### TASK TO CARRY OUT:
Go to the line containing "PARTY AND BULLSH*T White Jersey" in the material below. From there to the end, retype every line exactly and drop the pictures.

### PROVIDED MATERIAL:
^^^^^^^^
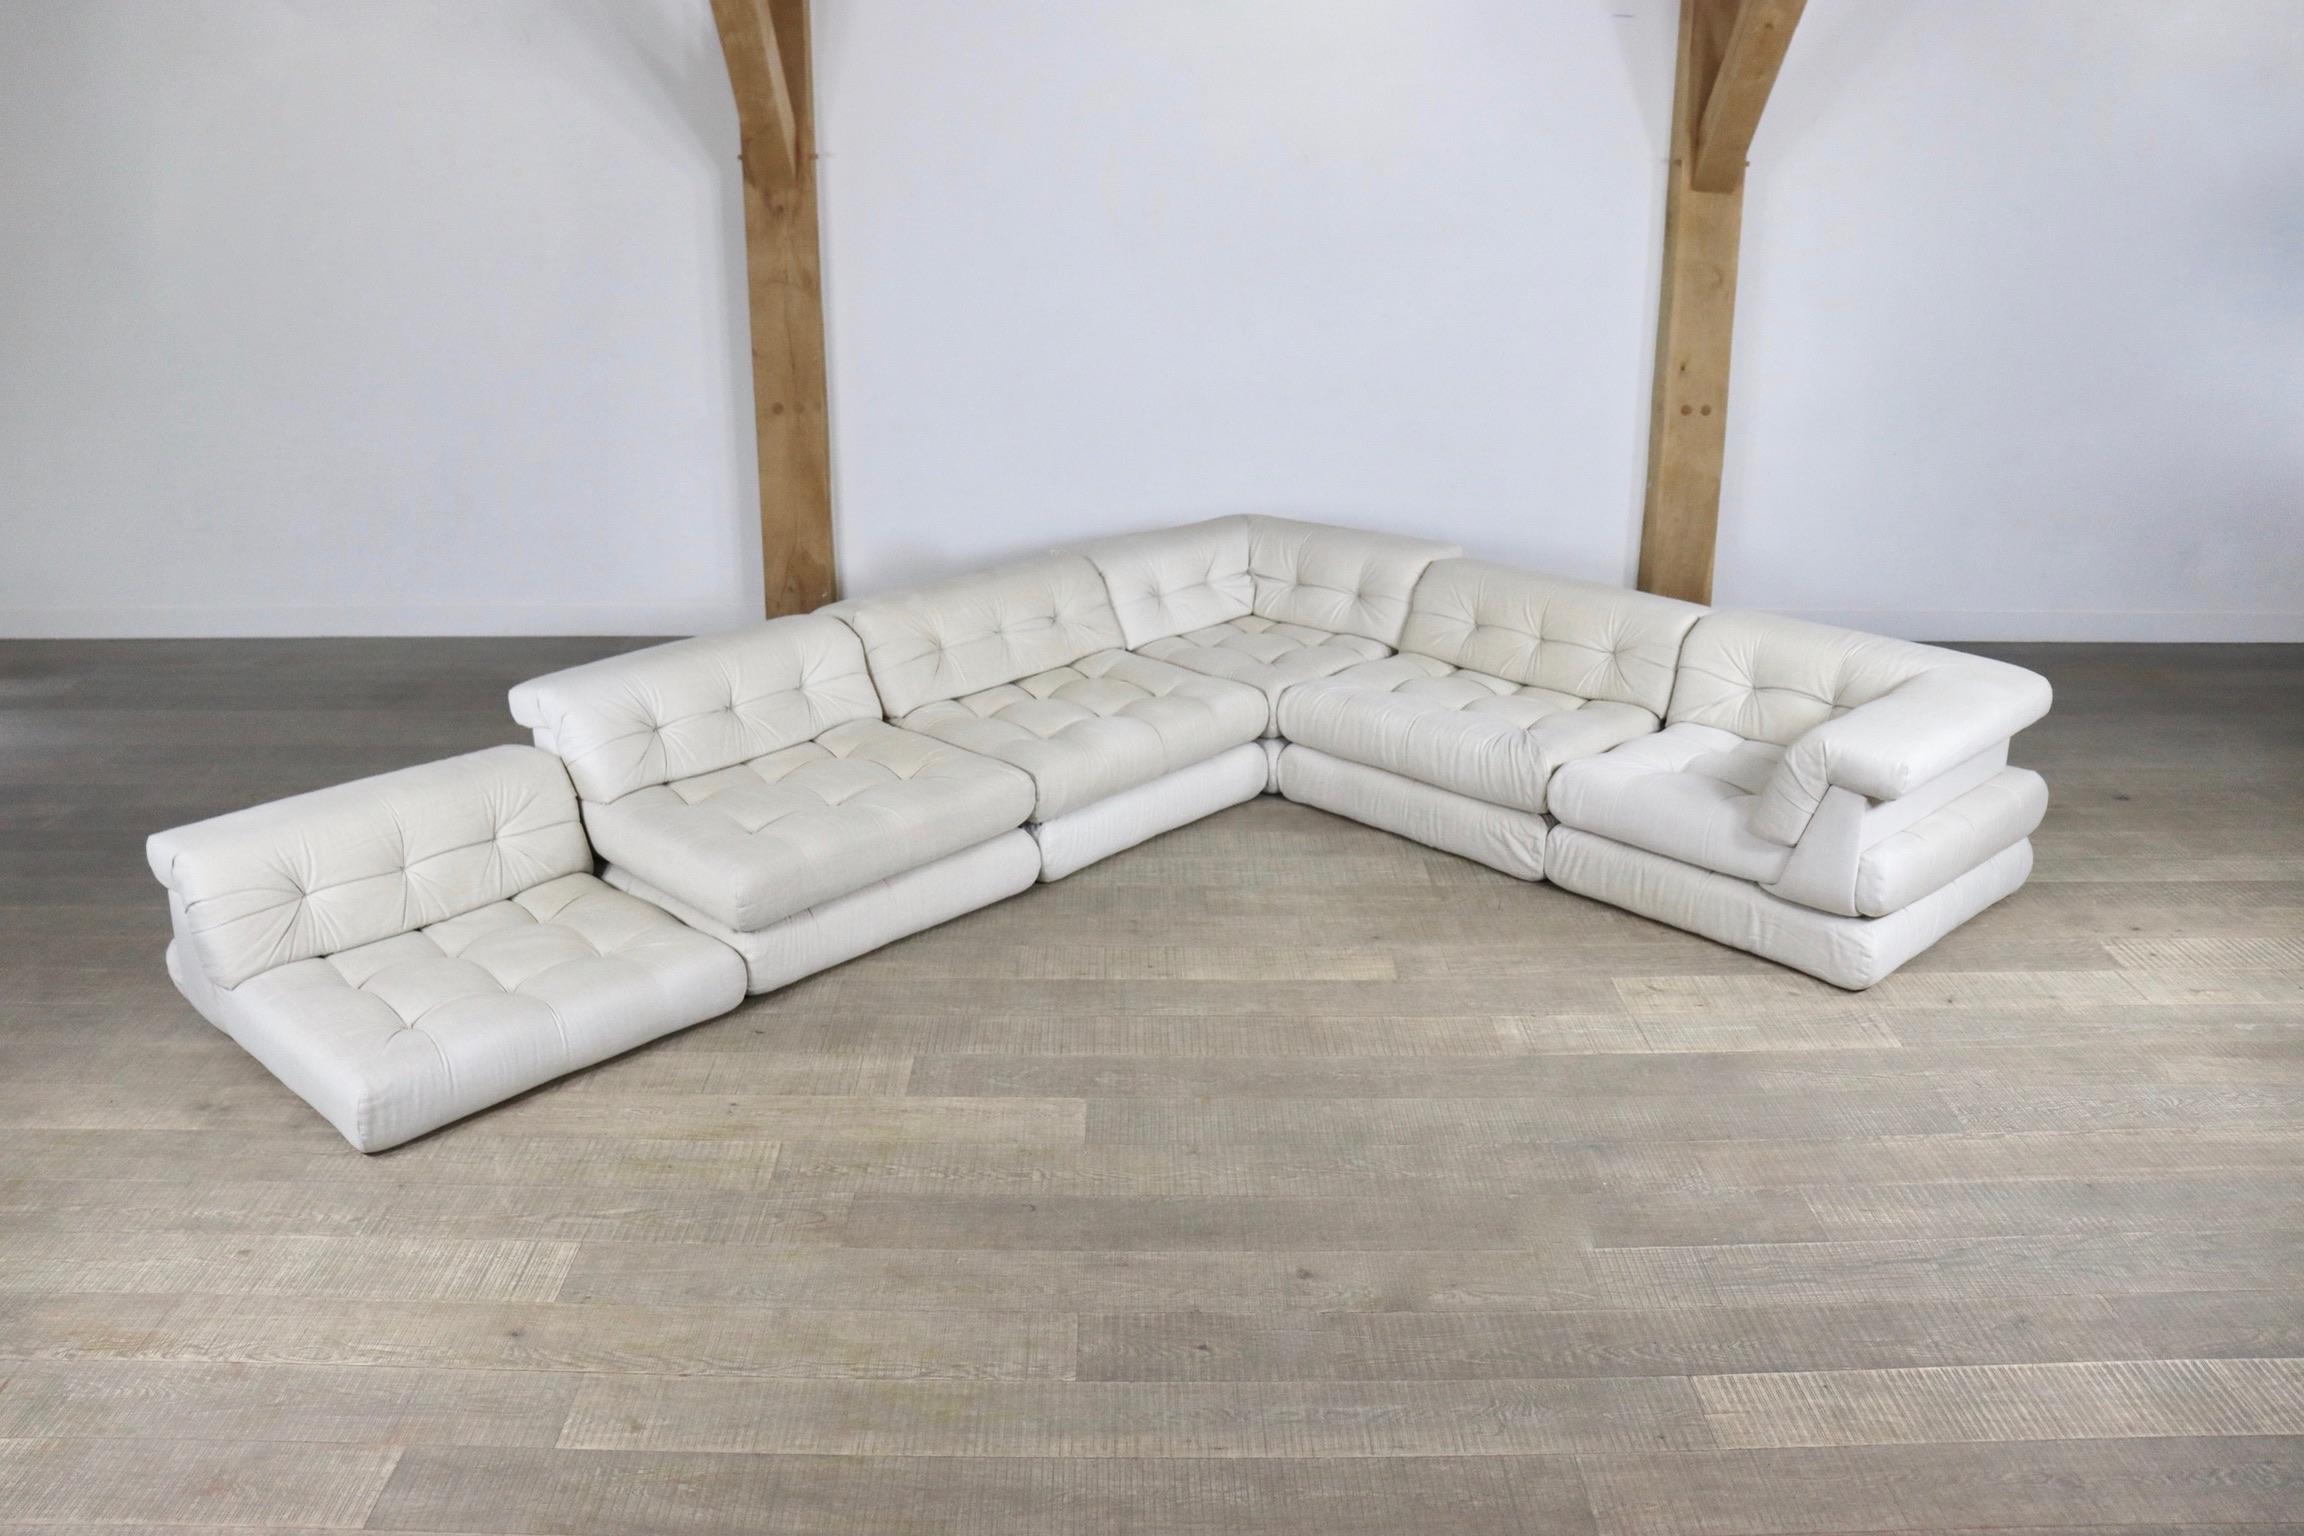 Incredible Roche Bobois first edition Mah Jong modular sofa from the 1970s by Hans Hopfer and Philippe Roche in original white linen upholstery. In the 1970s Hans Hopfer created the Mah Jong lounge sofa, Roche Bobois’s most recognized and iconic
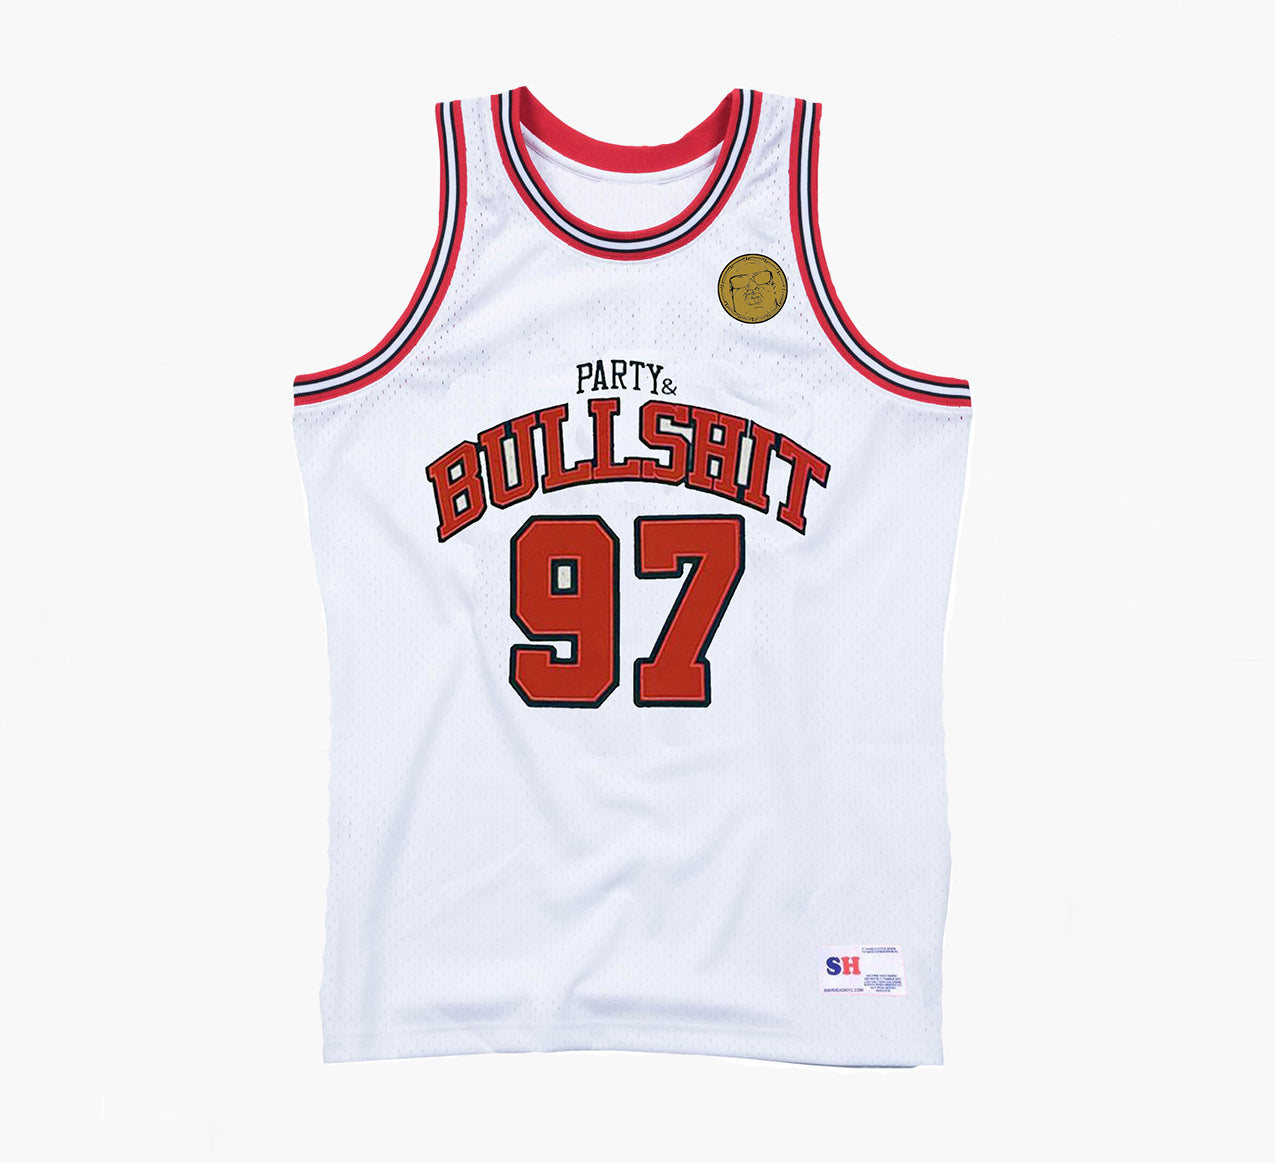 PARTY AND BULLSH*T White Jersey
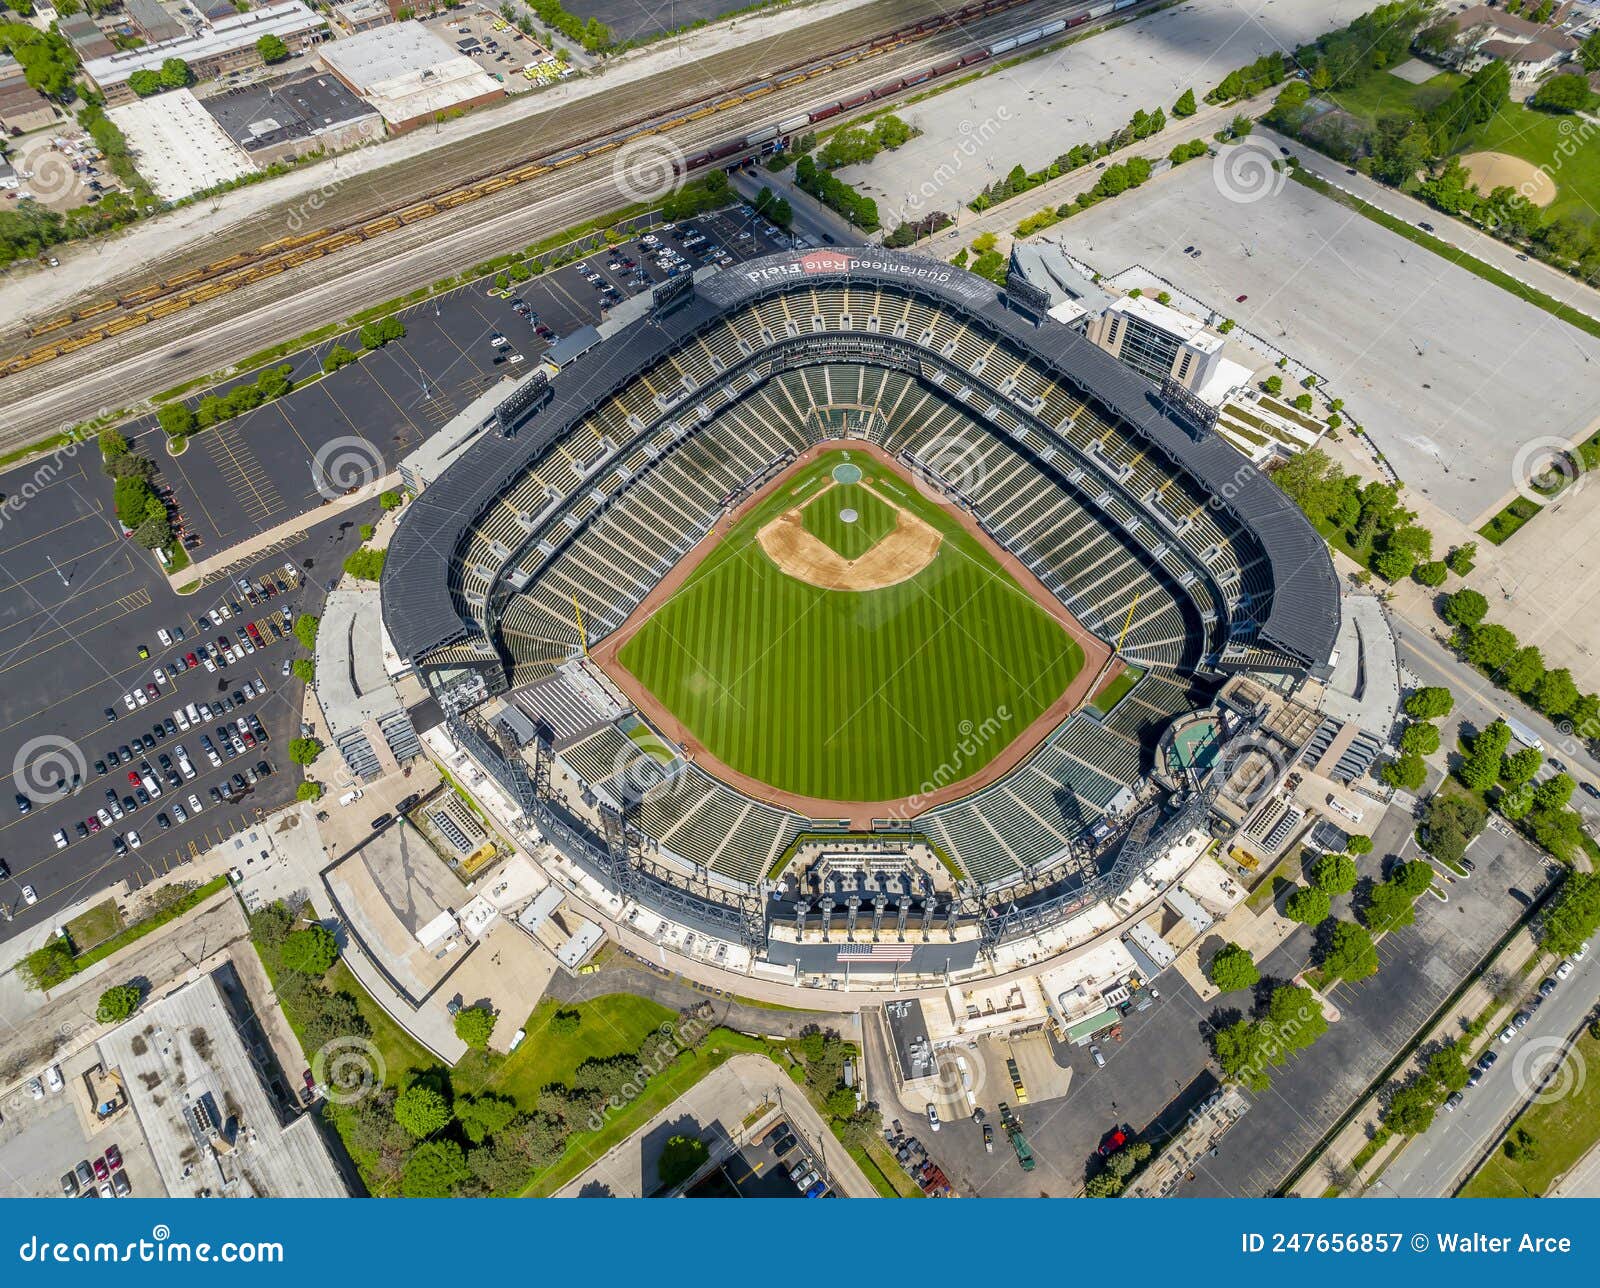 Aerial View of Guaranteed Rate Field, Home of the Chicago White
^^^^^^^^
### SOLUTION:
 PARTY AND BULLSH*T White Jersey
 Aerial View of Guaranteed Rate Field, Home of the Chicago White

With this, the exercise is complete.